* _TASK INSTRUCTIONS_:
Leave out all pictures. Extract exactly the lines from the one containing "集団的行き当たりばったり警告するパラジェル para polish(パラポリッシュ)" through the end of the data.

* _PROVIDED DATA_:
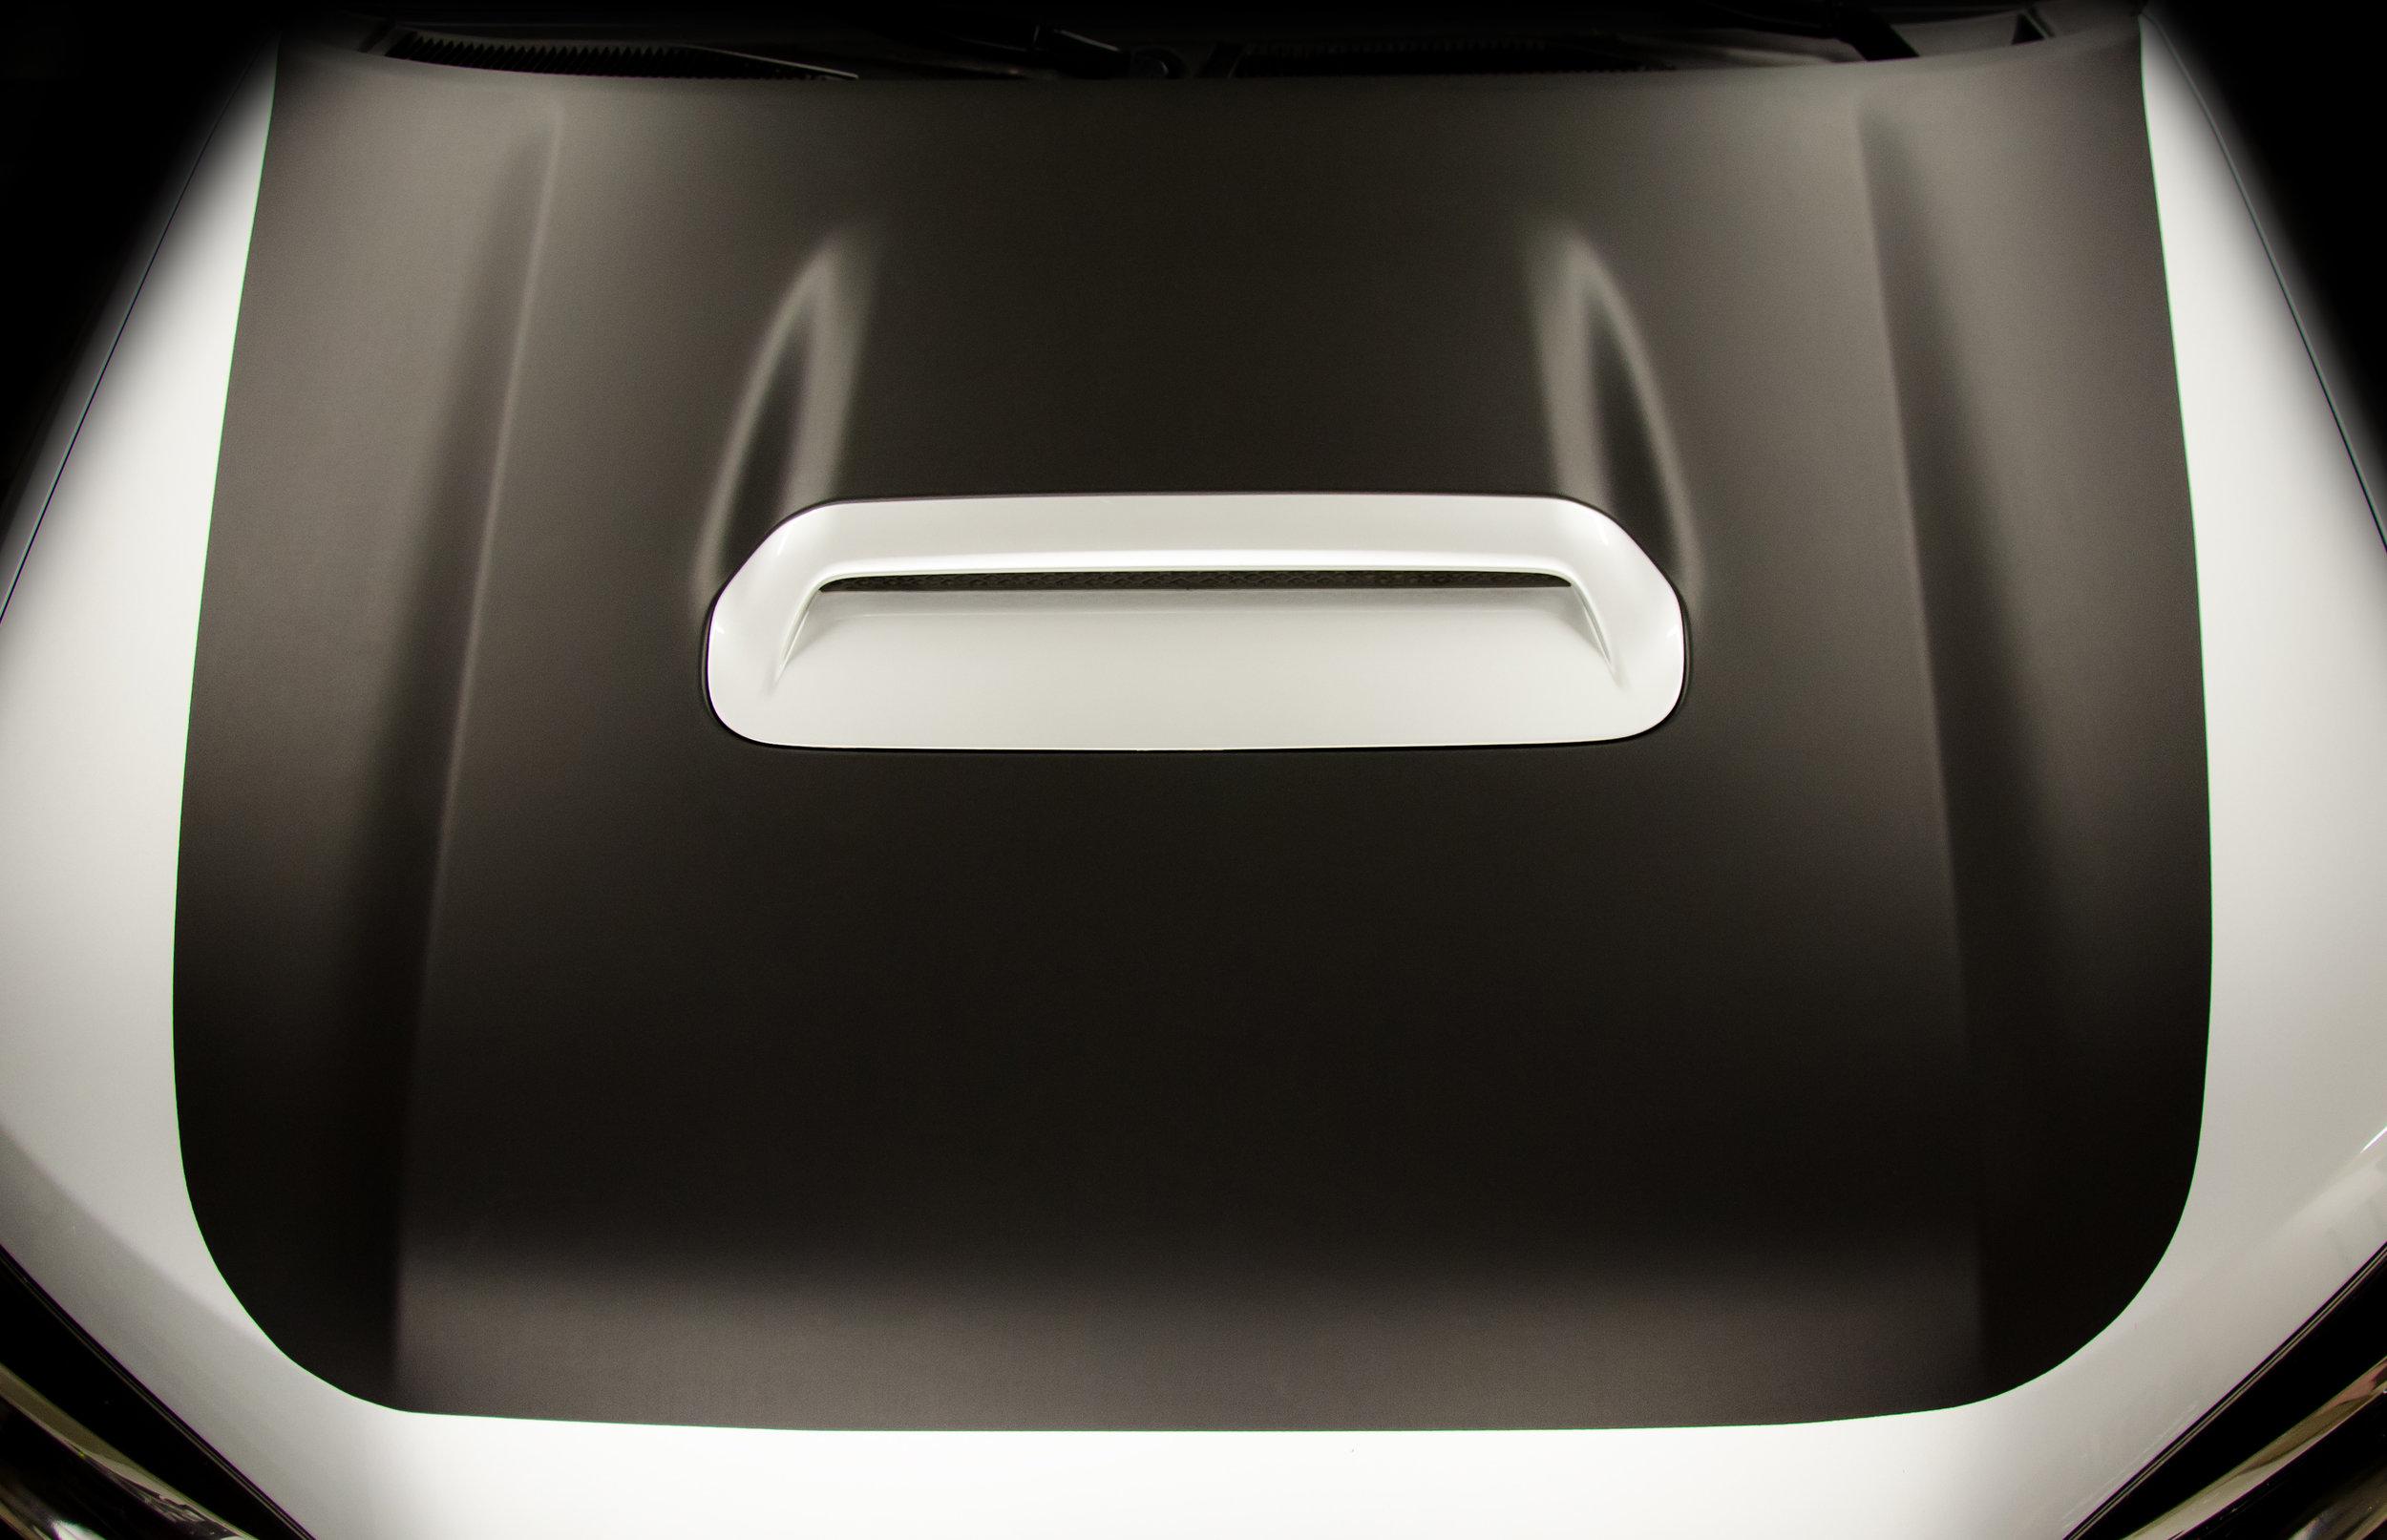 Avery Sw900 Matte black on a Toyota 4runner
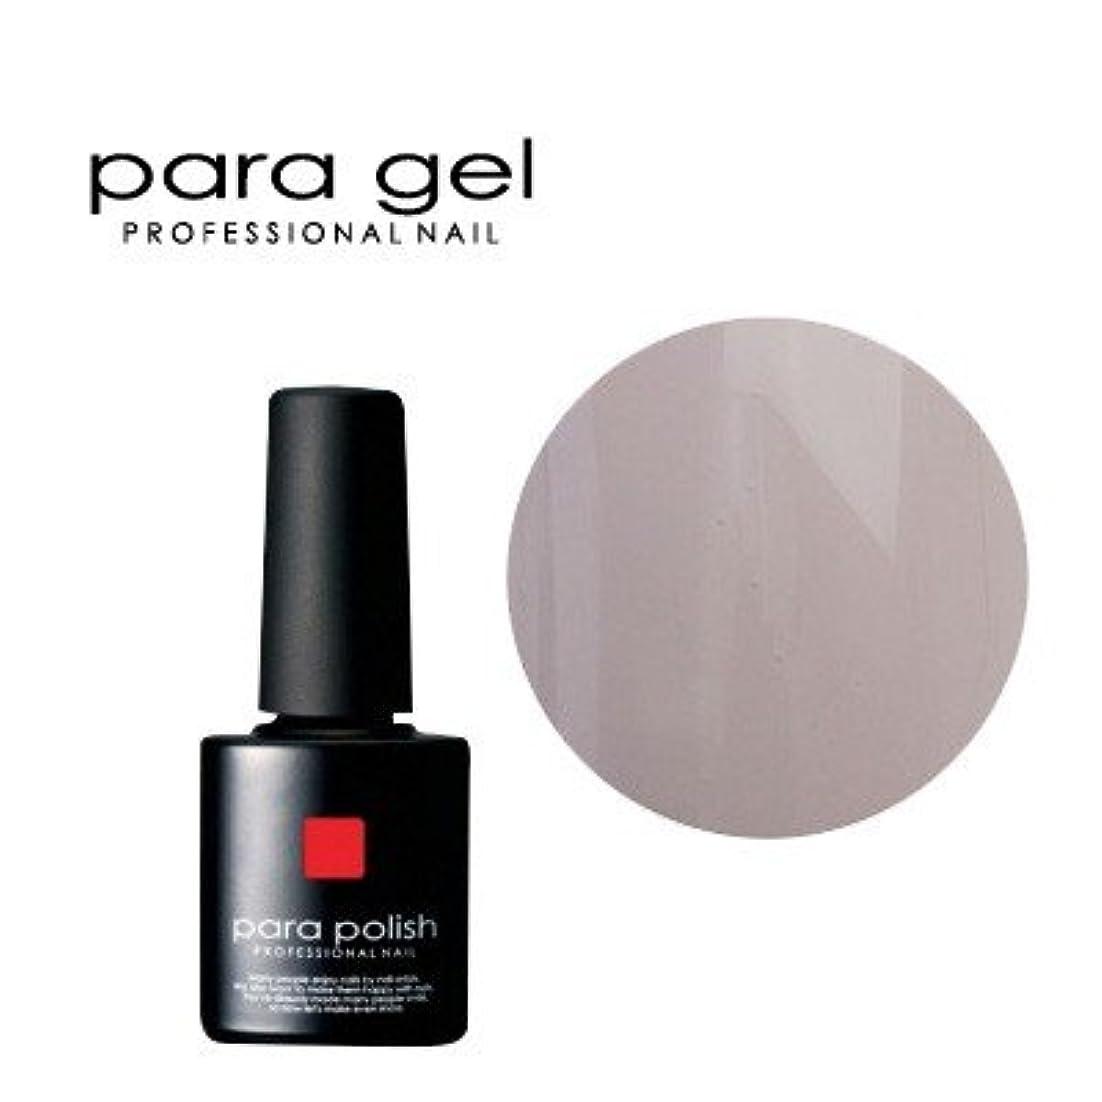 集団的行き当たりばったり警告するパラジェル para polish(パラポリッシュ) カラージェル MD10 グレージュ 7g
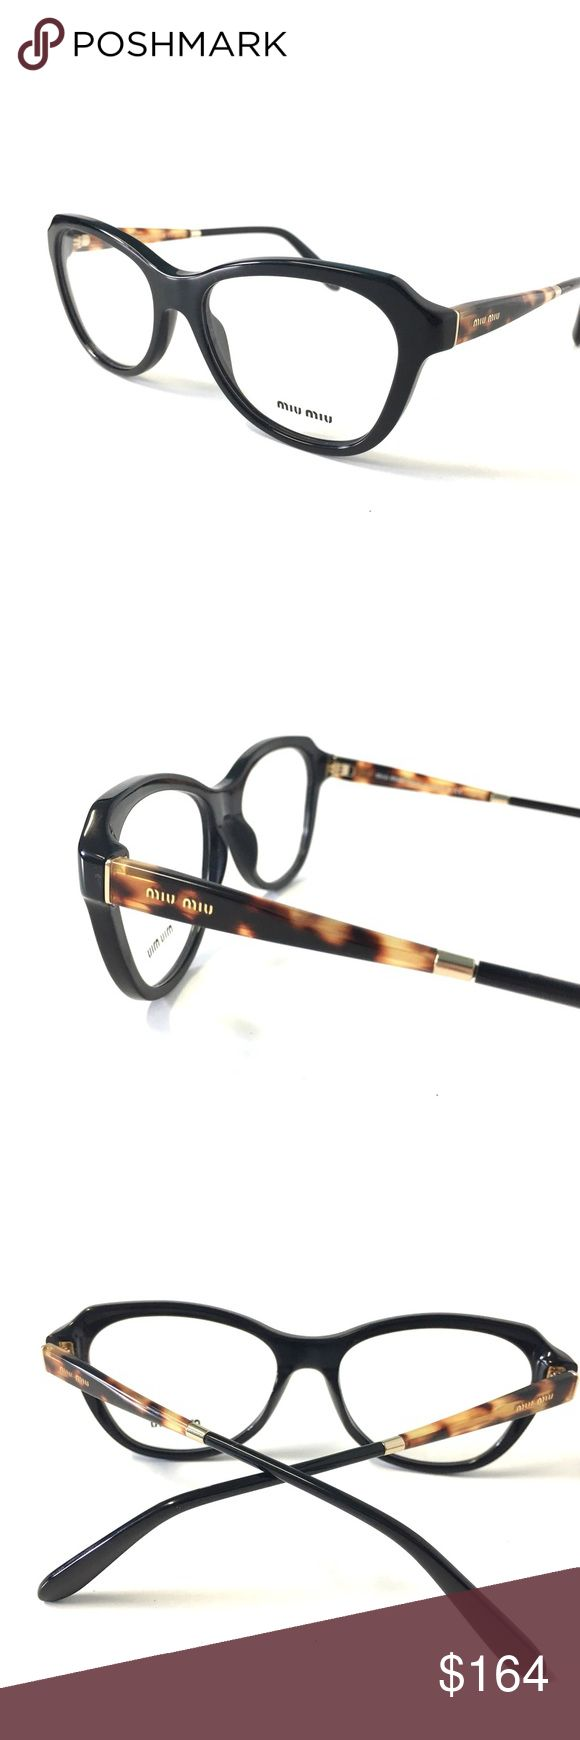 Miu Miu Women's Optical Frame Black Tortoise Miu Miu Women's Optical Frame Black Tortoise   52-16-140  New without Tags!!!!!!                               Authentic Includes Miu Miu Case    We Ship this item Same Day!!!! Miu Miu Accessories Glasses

* _SOLUTION FOR THIS EXERCISE_:
 集団的行き当たりばったり警告するパラジェル para polish(パラポリッシュ) カラージェル MD10 グレージュ 7g
 Miu Miu Women's Optical Frame Black Tortoise Miu Miu Women's Optical Frame Black Tortoise   52-16-140  New without Tags!!!!!!                               Authentic Includes Miu Miu Case    We Ship this item Same Day!!!! Miu Miu Accessories Glasses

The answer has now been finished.